[Exercise data]:

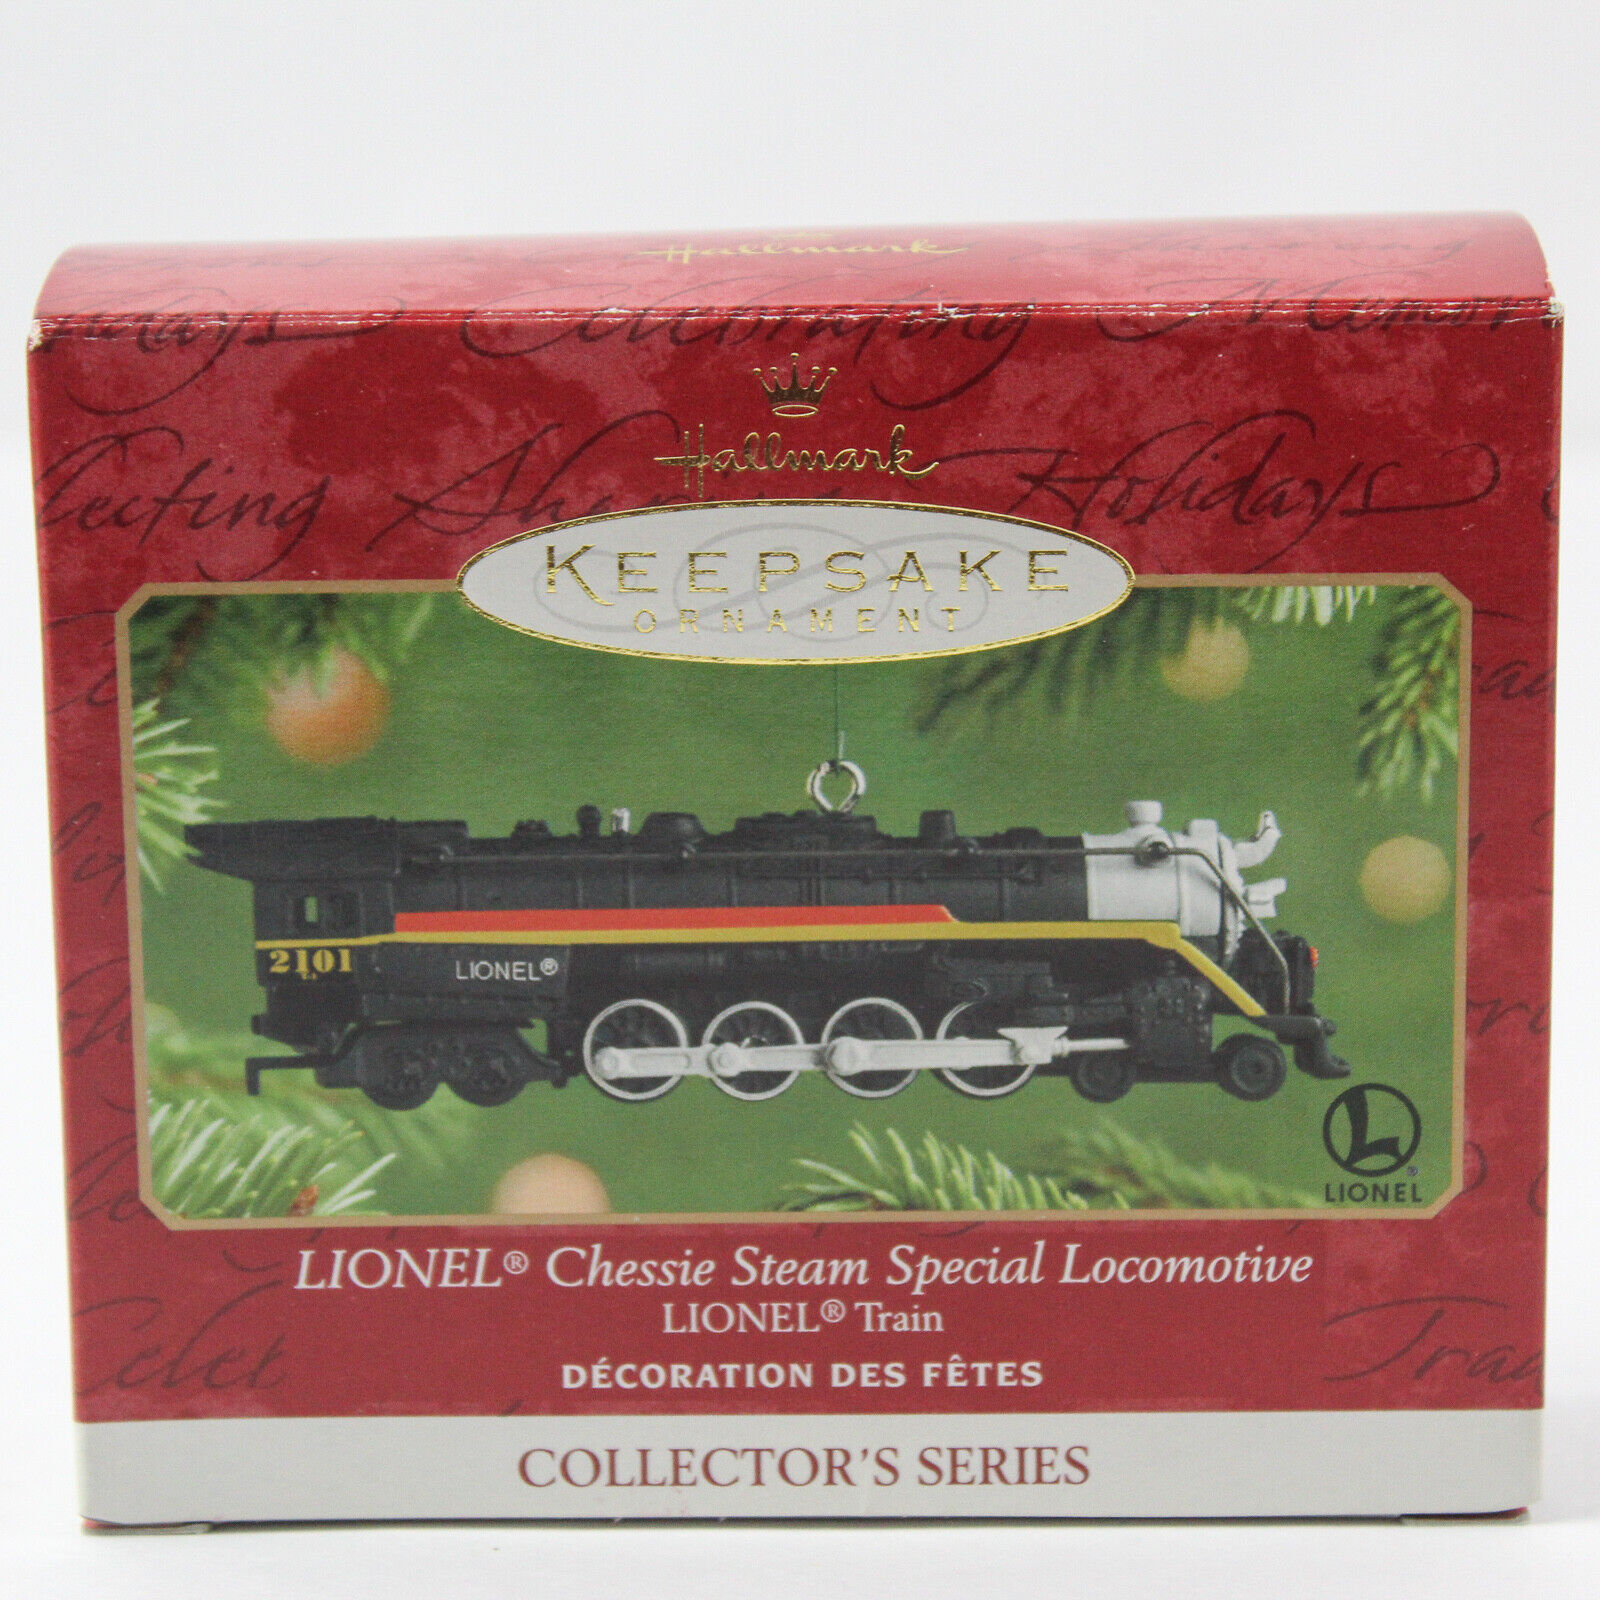 Hallmark Keepsake Ornament Lionel Trains Chessie Steam Special Locomotive #6
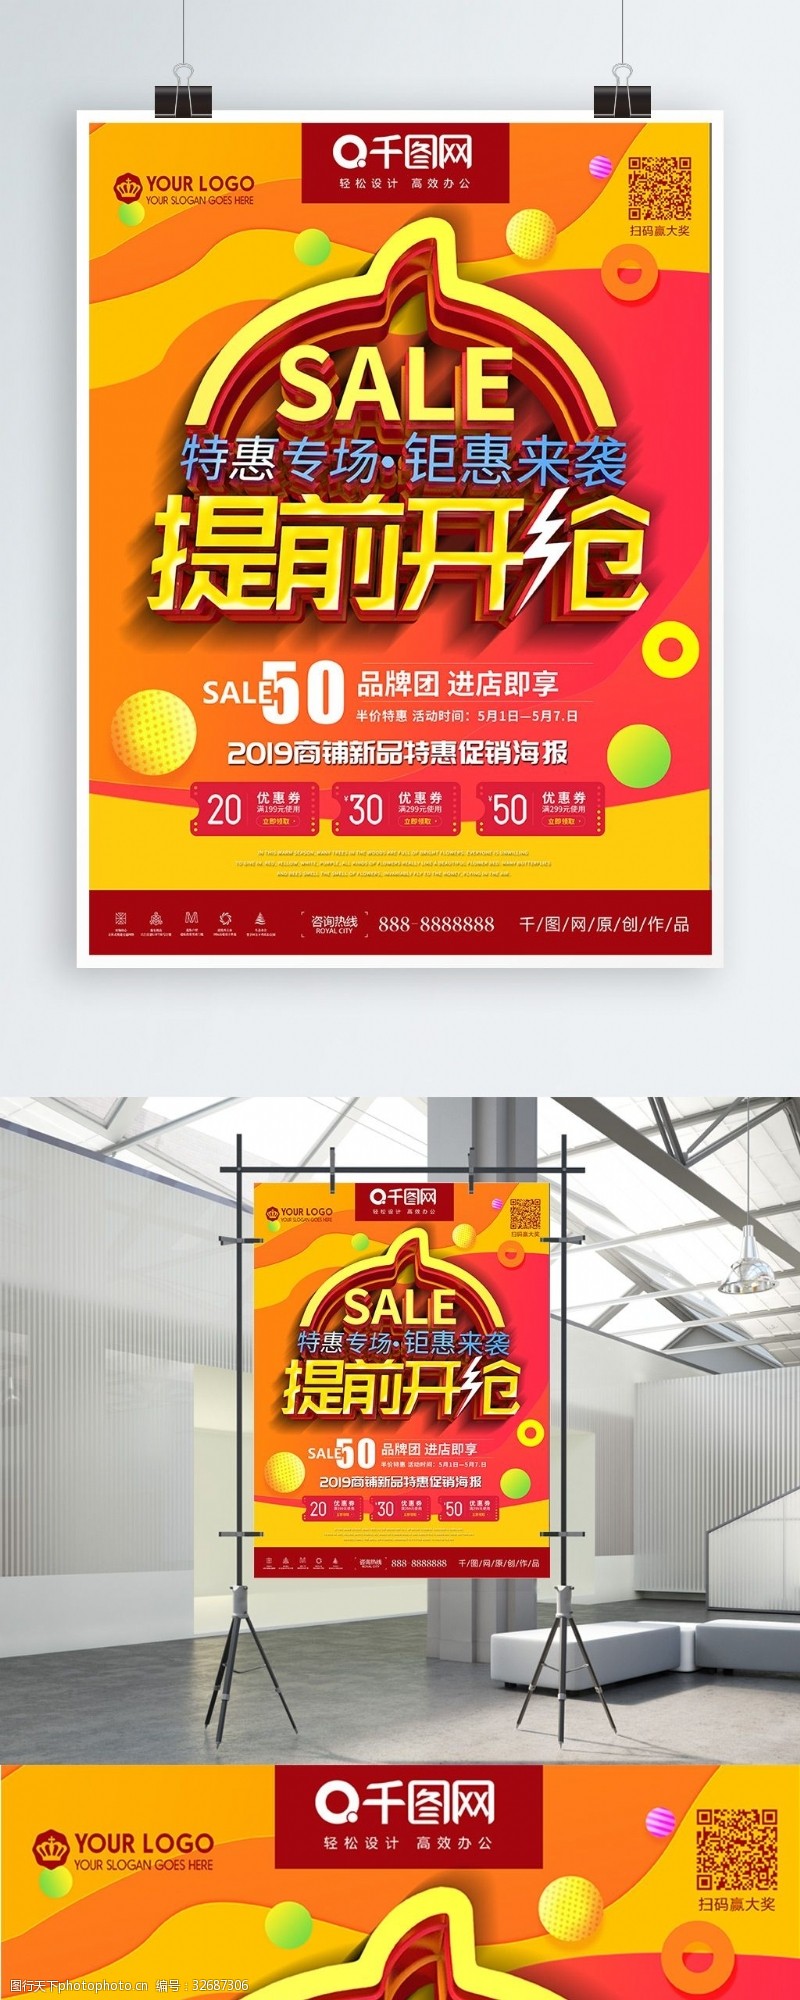 中秋节与国庆特惠专场提前开抢钜惠来袭与会促销海报
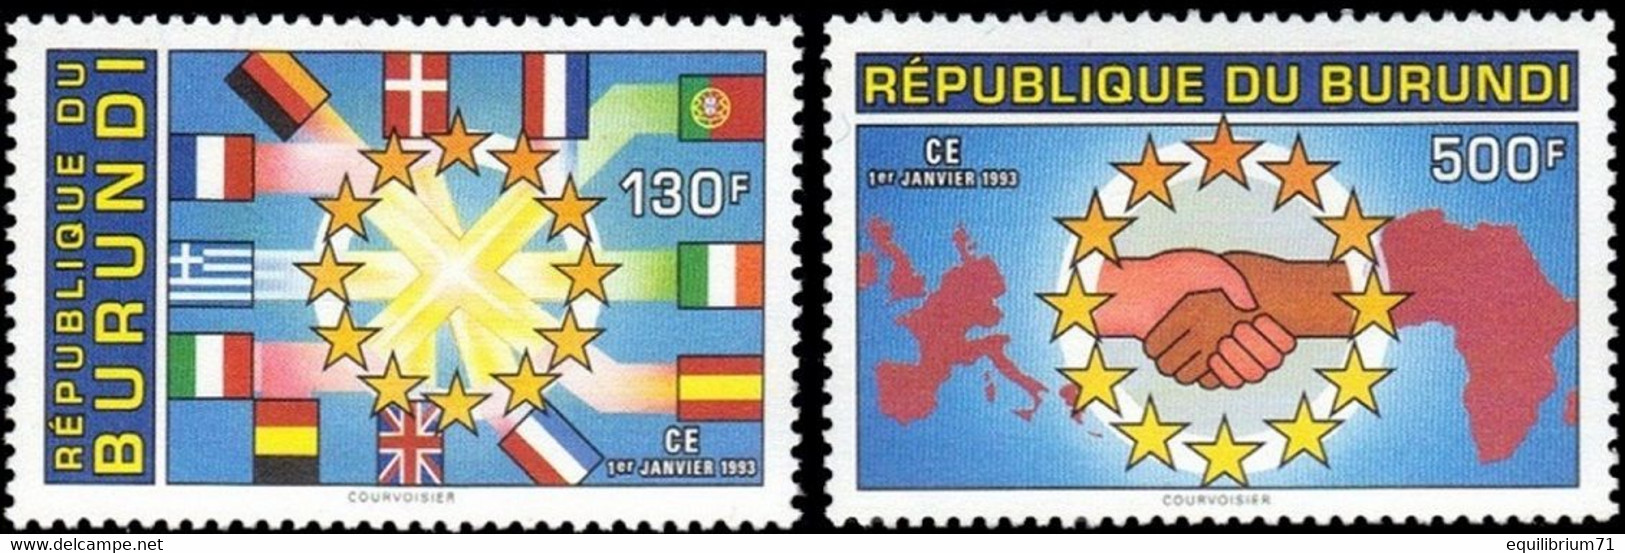 1020/1021** - Marché Unique Européen / Gezamenlijke Europese Markt / Europäischer Binnenmarkt - BURUNDI - Unused Stamps
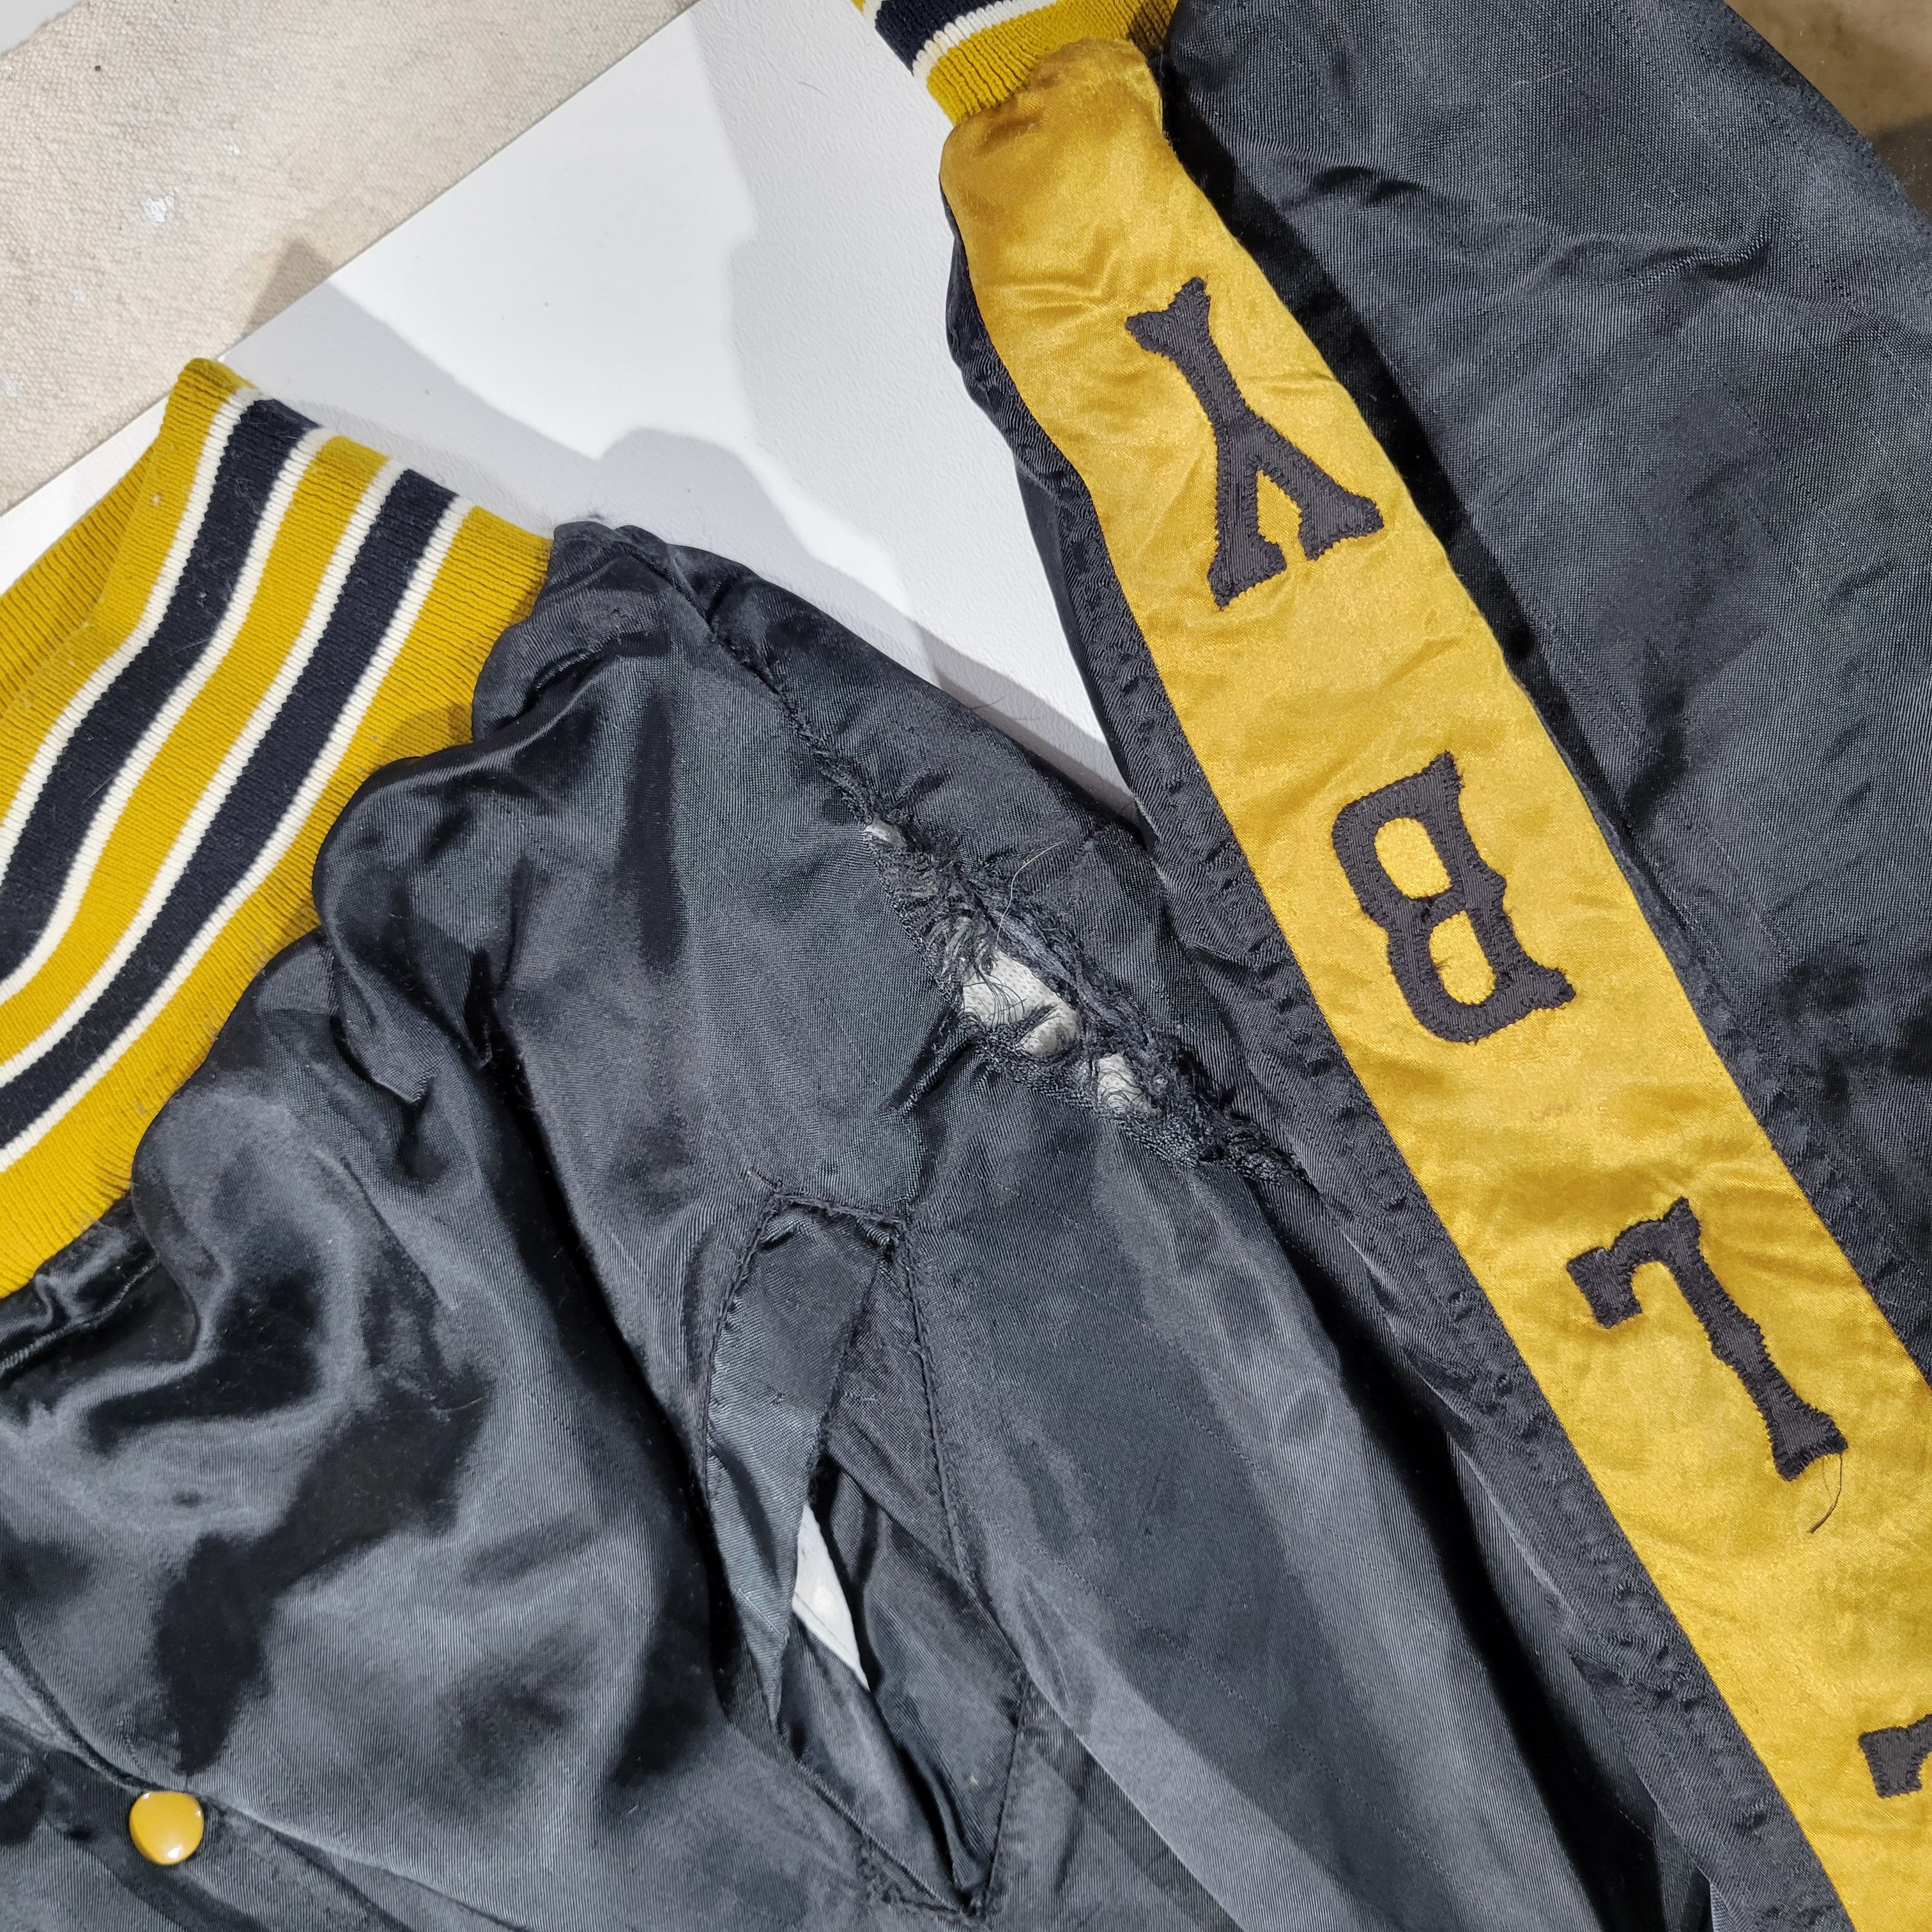 Vintage 50's 60's Satin School Jacket Size US L / EU 52-54 / 3 - 6 Thumbnail

[Directions]: Restate all of the material word for word, leaving every picture out.

[Response below]:
 Hallmark Keepsake Ornament Lionel Trains Chessie Steam Special Locomotive #6
 中秋节与国庆特惠专场提前开抢钜惠来袭与会促销海报
 1020/1021** - Marché Unique Européen / Gezamenlijke Europese Markt / Europäischer Binnenmarkt - BURUNDI - Unused Stamps
 Vintage 50's 60's Satin School Jacket Size US L / EU 52-54 / 3 - 6 Thumbnail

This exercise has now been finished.